A relíquia de Santa Brígida está preservada em Portugal desde 1587, e há uma
outra relíquia sua na Igreja de São Martinho, em Colônia, Alemanha. O antigo
poço de Santa Brígida, próximo da igreja em ruínas, é um local dos mais
venerados da Irlanda e ainda hoje atrai peregrinos.
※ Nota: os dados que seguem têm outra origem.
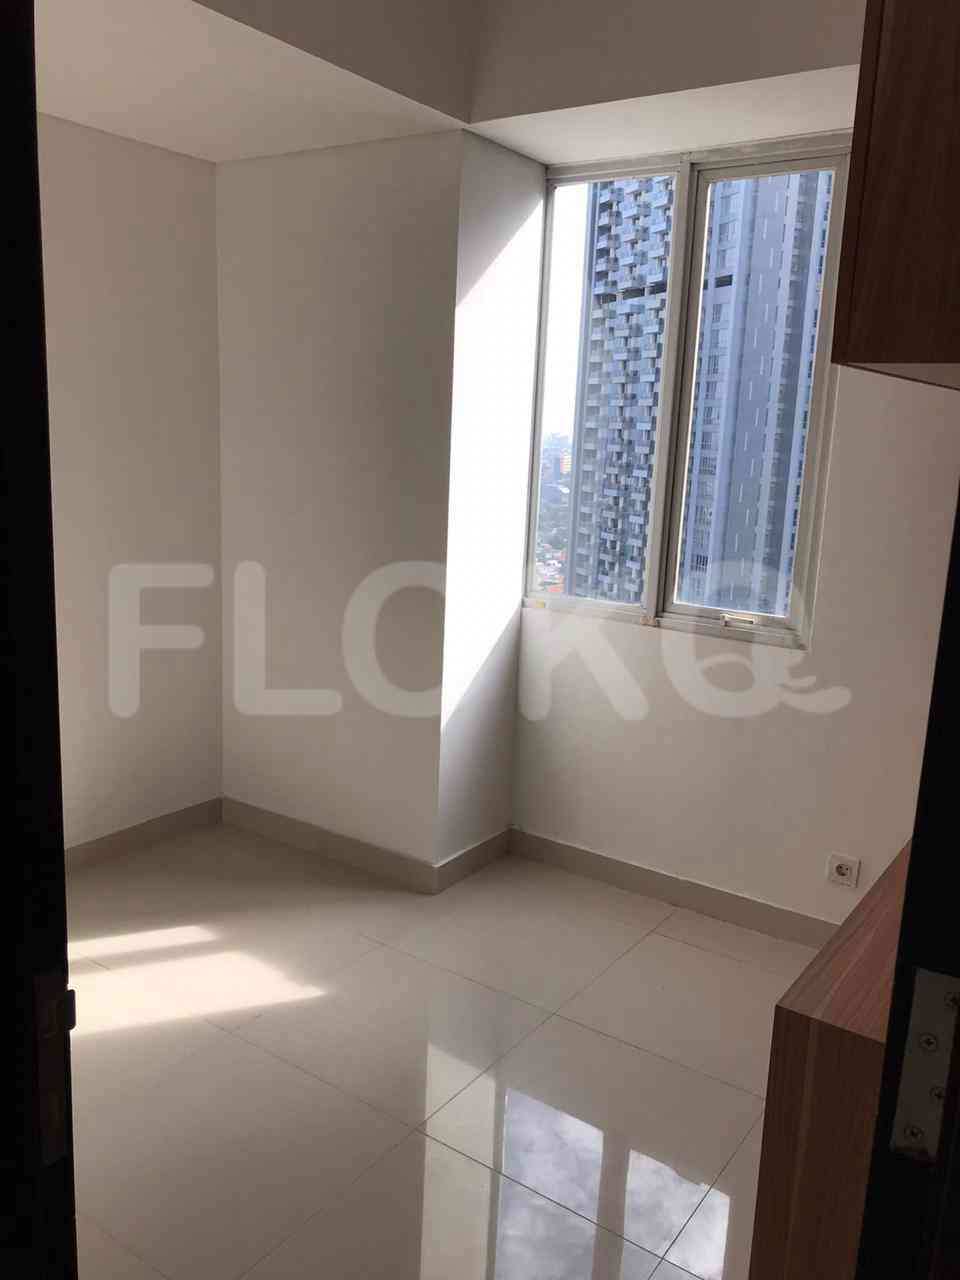 2 Bedroom on 15th Floor for Rent in Westmark Apartment - fta608 1

A amizade de Santa Brígida com São Patrício é atestada pelo seguinte parágrafo
do "Livro de Armagh", um precioso manuscrito do século VIII, cuja
autenticidade é fora de questão:
"Entre São Patrício e
Santa Brígida, as colunas da Irlanda, havia tão grande amizade baseada na
caridade, que eles tinham um só coração e uma só cogitação. Por meio dele e
dela Cristo realizou muitos milagres".
Em Armagh havia um "Templum Brigidis", pequena igreja abacial
conhecida como "Regles Brigid", que continha algumas relíquias da
Santa, e que foi destruída em 1179, por William Fitz Aldelm. Os manuscritos
originais da 'Vida de Brígida' de Cogitosus, ou a "Segunda Vida", se
encontra hoje com os frades dominicanos de Eichstätt, na Bavária.
Santa
Brígida é chamada pelos irlandeses a “Rainha do Sul”, ou “Maria de Gael”, nome
cujo significado desconhecemos. (4) Algumas vezes ela é também chamada de
“Santa Brígida da Escócia”, como o fez, no século XVI, Pedro de Ribadeneira,
discípulo de Santo Inácio de Loyola. Isso se explica, segundo os “Pequenos
Bolandistas”, pelo fato de que os Escotos, que deram nome à parte setentrional
da Grã-Bretanha, habitavam no século V a região que veio a ser a Irlanda, que
era chamada indiferentemente de Escócia ou Hibérnia. (5)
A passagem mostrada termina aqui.